Chairman Jay Powell pointed out at a press conference on Wednesday, After the meeting, The forecast of the U.S. economy is better than the Fed’s previous forecast. Vaccinations, policy support, and business resumption all mean that economic growth, employment, and inflation are higher than the central bank’s expectations. “We have good reasons to think that we will enter a labor market with very attractive numbers,” Powell said.

However, rising inflation is a concern for the central bank. The rate of price increases surprised the Policy Committee-the central bank was forced to raise its core inflation forecast to 3% this year. Core inflation will exclude fluctuating food and energy prices.
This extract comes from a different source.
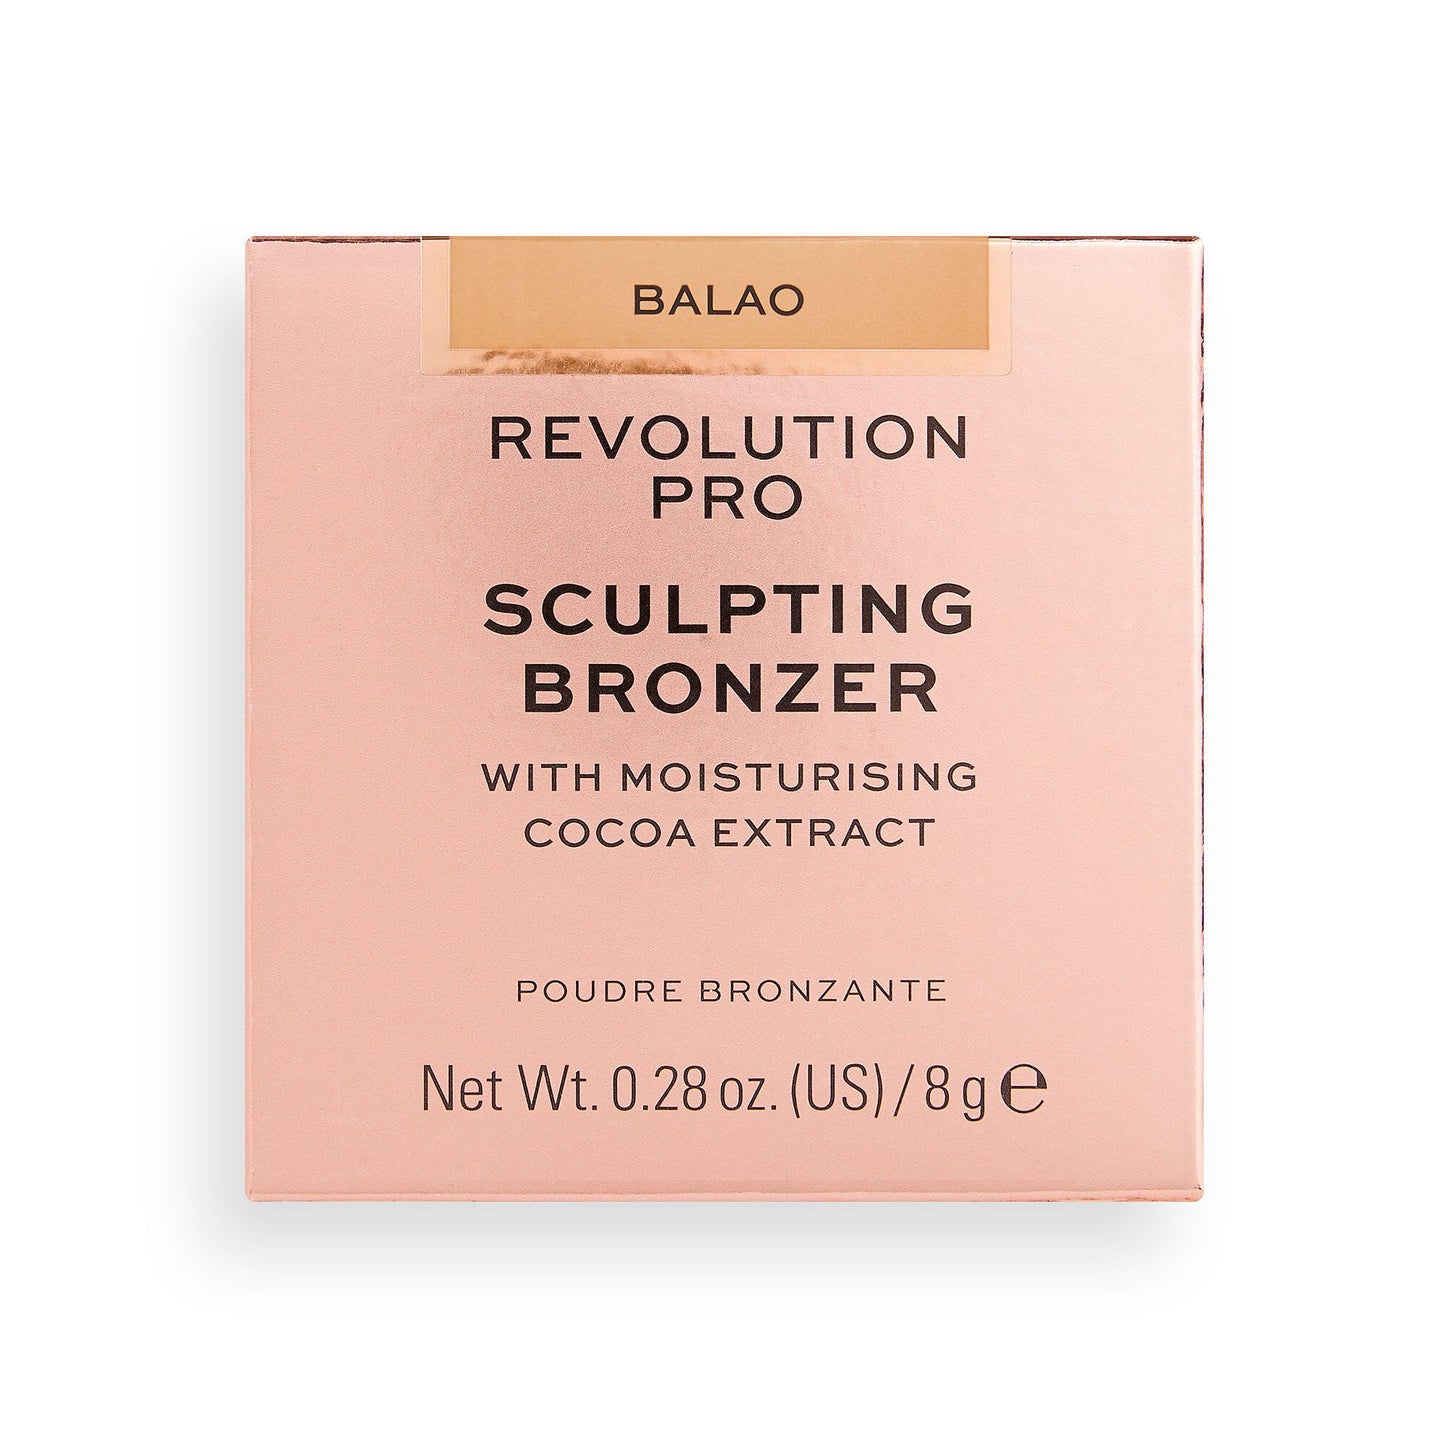 Revolution Pro Sculpting Bronzer Balao

At its March meeting, the Federal Reserve stated that the U.S. economy The “bottleneck” of the reopening is larger than expected, although it still expects these effects to be “temporary” and the core inflation rate in 2021 will drop to 2.1%.

However, this faster-than-expected inflation has led to a more hawkish tendency towards communications, despite a series of very mild policy backgrounds-the central bank kept the interest rate target at 0% to 0.25%, and the asset purchase rate was kept at 1,200 per month. One hundred million U.S. dollars. In the words of Chairman Jay Powell, investors should treat this meeting as “I guess they are talking about a reduction meeting.”It is enough that the central bank begins to consider signs of reducing asset purchases, and the central bank’s forecast of interest rates has also been updated to Increasing U.S. Treasury Bond Yields And dollars.

The Fed has handled this shift ingeniously. Investors and the central bank have largely converged-market-based inflation estimates have stabilized after rising at the beginning of the year, while expectations of interest rate hikes in 2022 have faded. The central bank has proven that under the new framework, it can respond to better-than-expected data and signal interest rate increases without destabilizing the market.

This will be crucial. There is considerable uncertainty in the prospects. As Jay Powell pointed out, although the labor market is recovering, the long-term impact of the pandemic is not yet fully understood. The unemployment rate may have been halved in the past year, but many American workers have completely withdrawn from the labor market. With the passage of time and supportive monetary policies, they may make a comeback. Or, more worryingly, the “full employment” pursued by the Fed may have come much closer than it imagined, and maintaining accommodative policies will only fuel inflationary pressures.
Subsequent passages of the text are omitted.